§ **TASK OBJECTIVE**
From the first line to the last, copy the listing exactly and omit the pictures.

§ **DATASET CONTENT**
*** Begin section ***
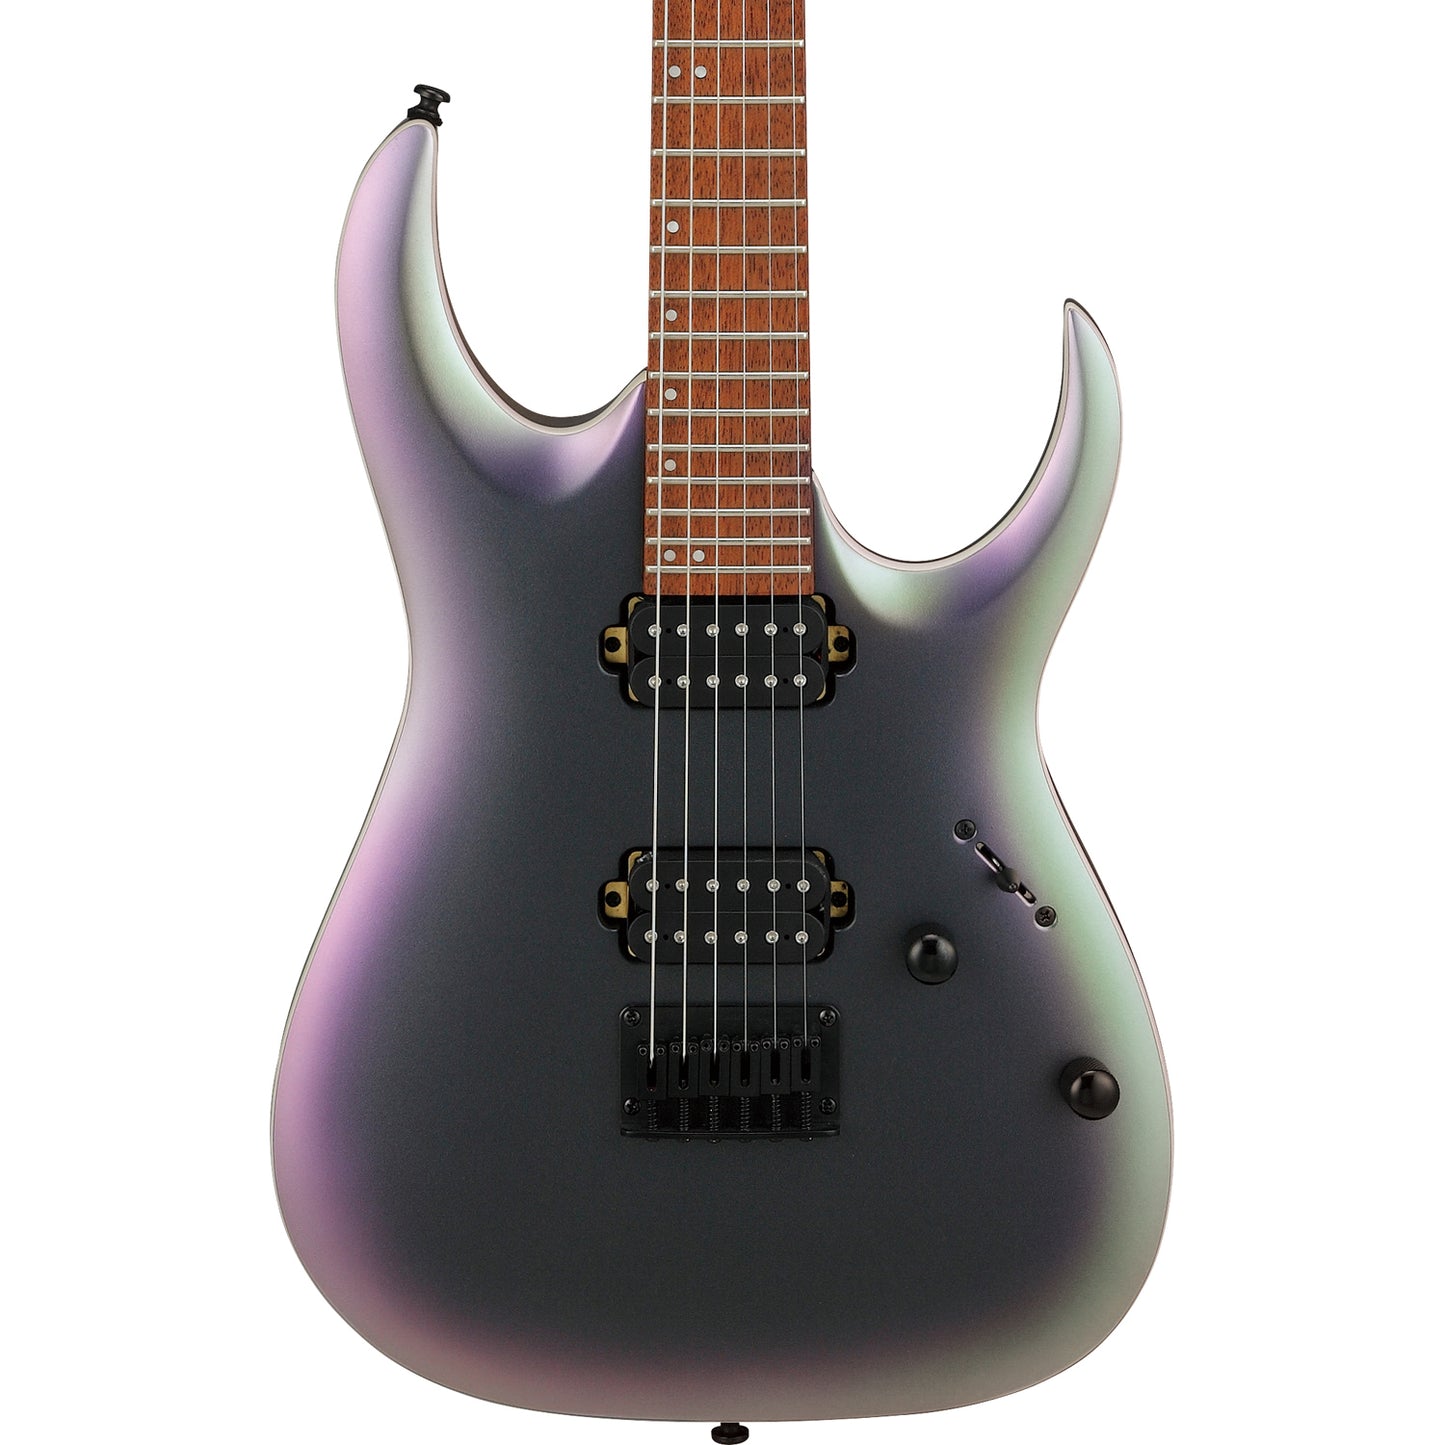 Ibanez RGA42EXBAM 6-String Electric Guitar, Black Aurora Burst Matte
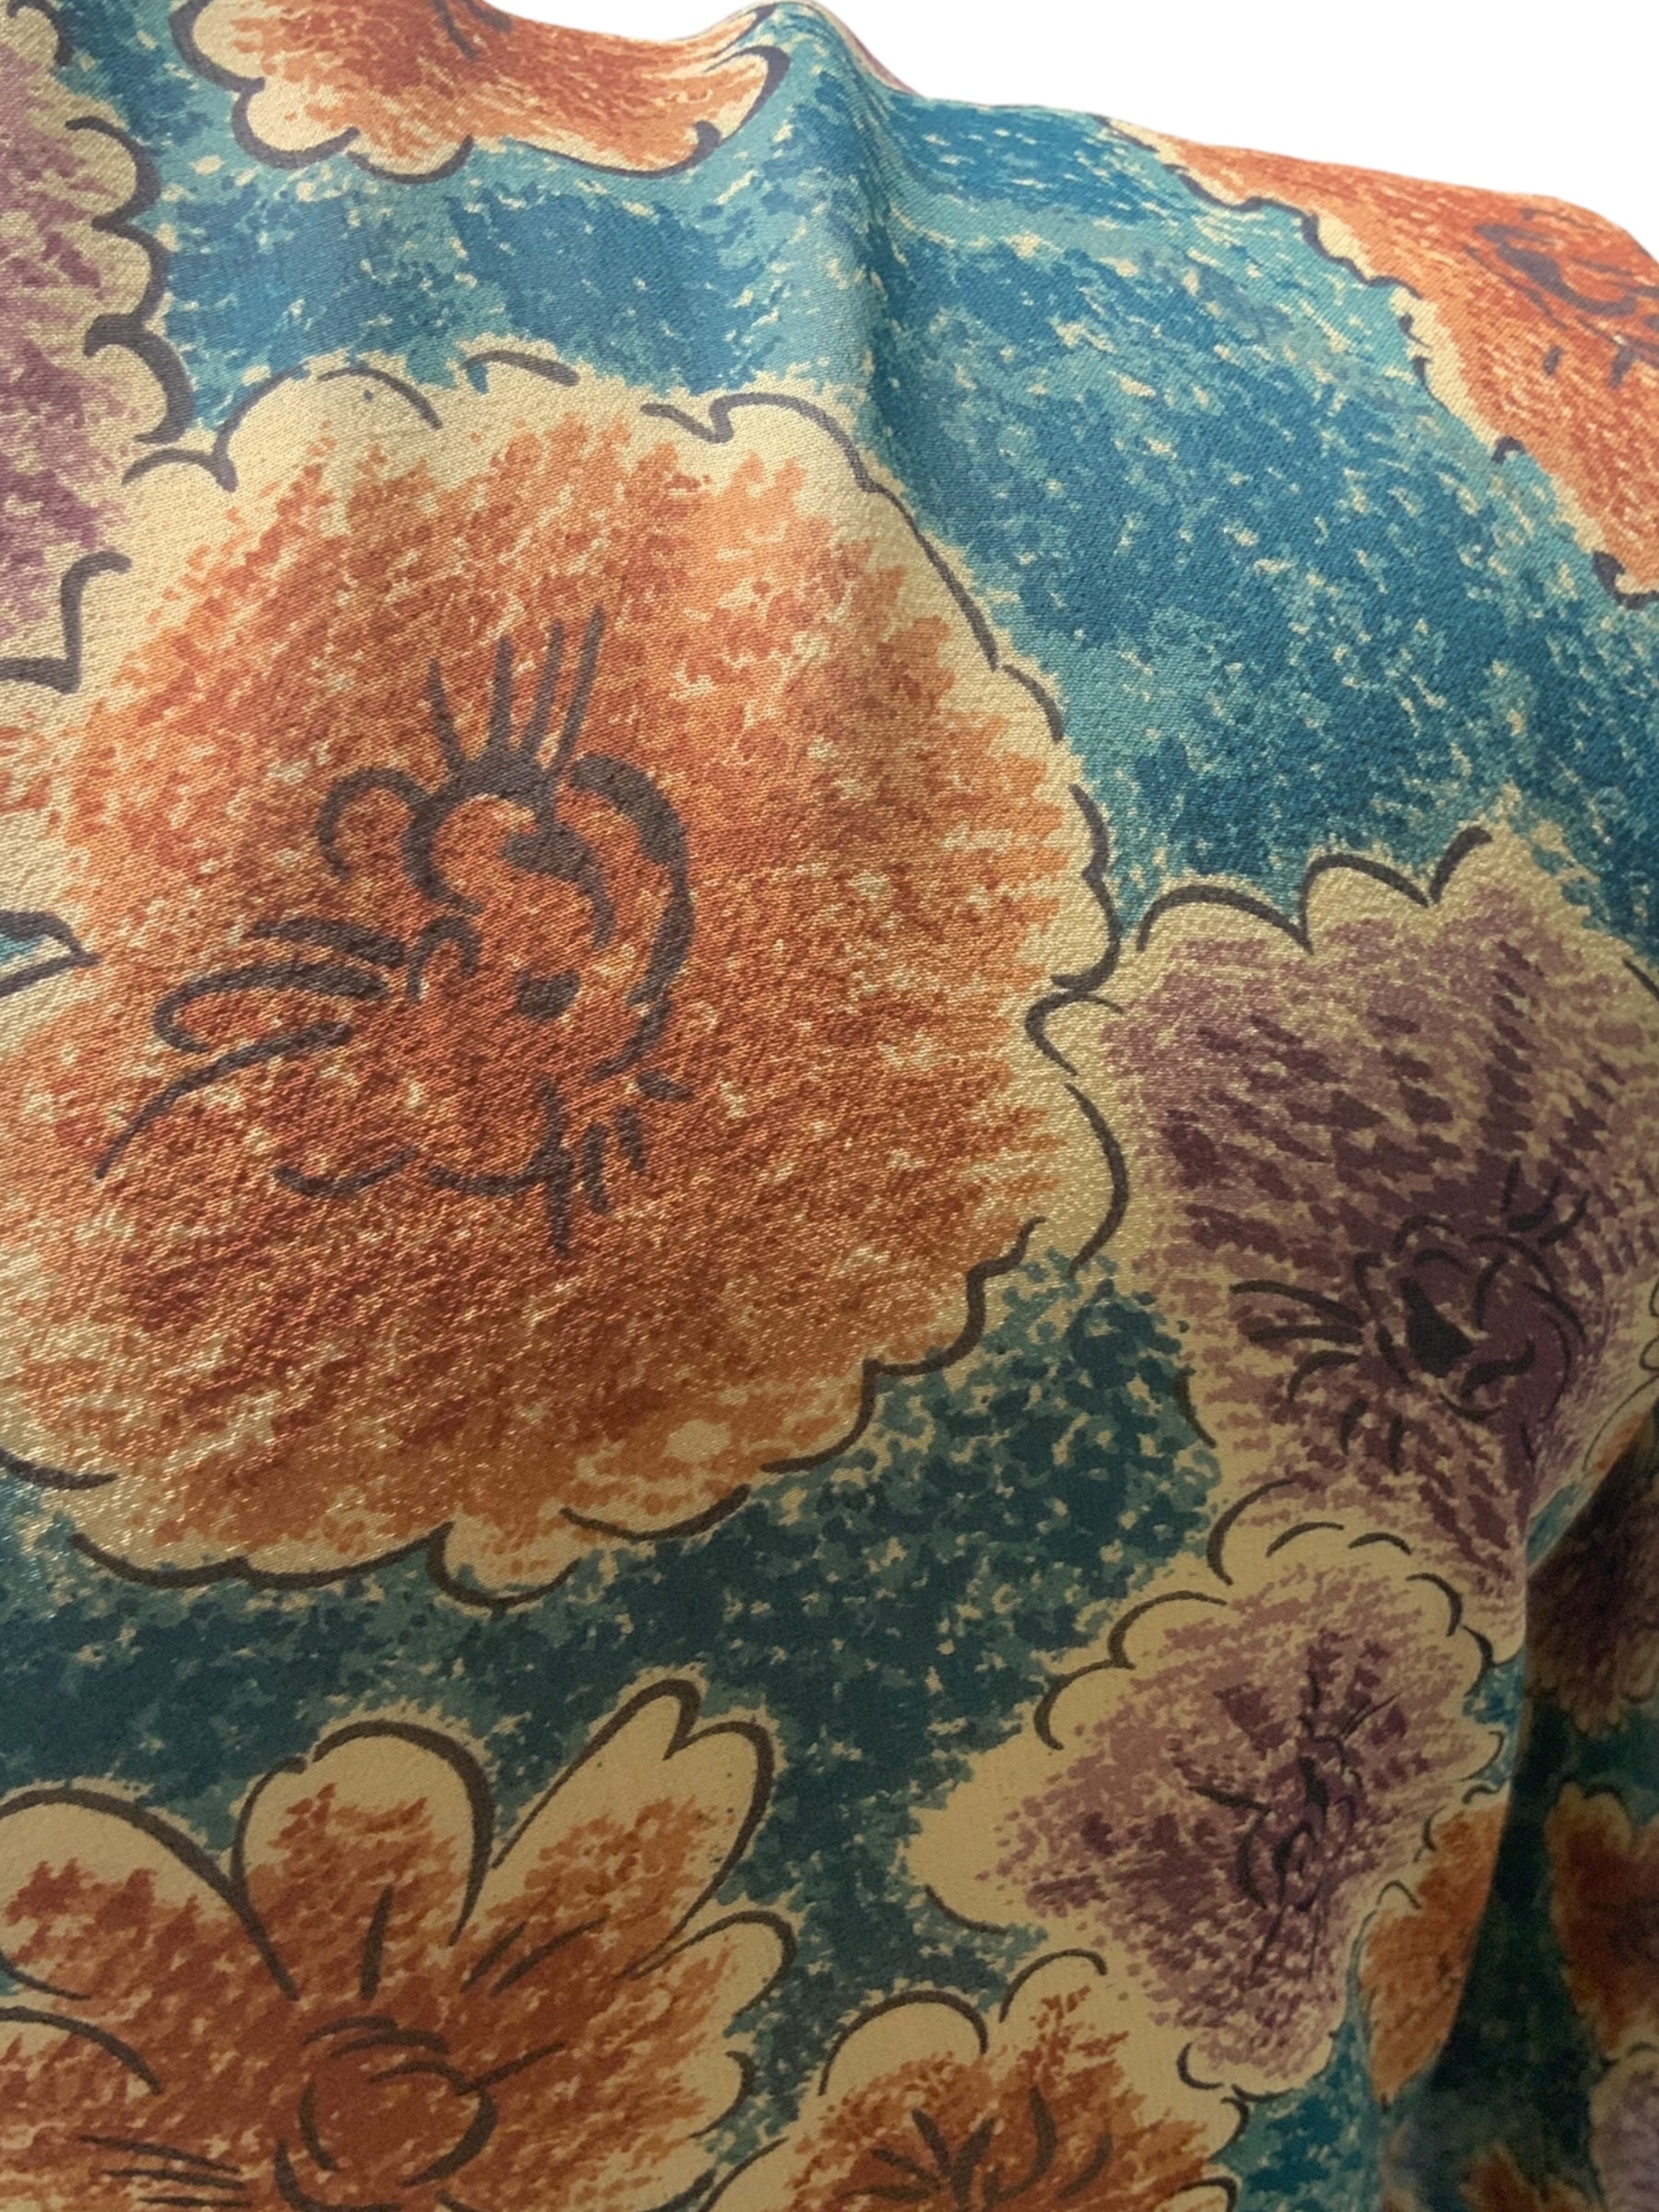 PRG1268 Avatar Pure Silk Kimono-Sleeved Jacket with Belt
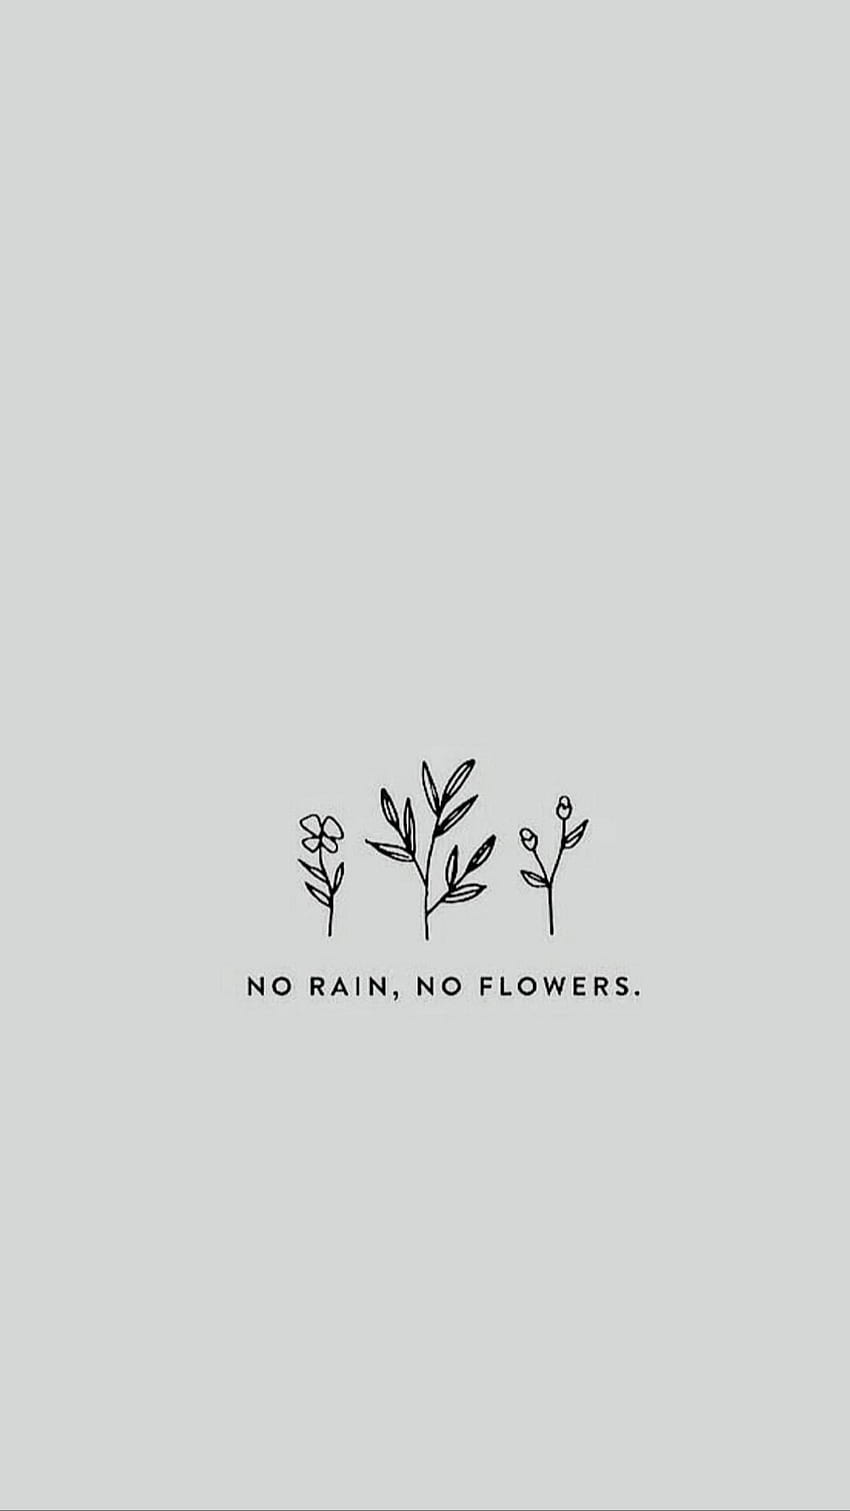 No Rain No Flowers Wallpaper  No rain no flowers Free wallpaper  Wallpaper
*** End section ***
§ **TASK RESPONSE**
 Ibanez RGA42EXBAM 6-String Electric Guitar, Black Aurora Burst Matte
 PRG1268 Avatar Pure Silk Kimono-Sleeved Jacket with Belt
 No Rain No Flowers Wallpaper  No rain no flowers Free wallpaper  Wallpaper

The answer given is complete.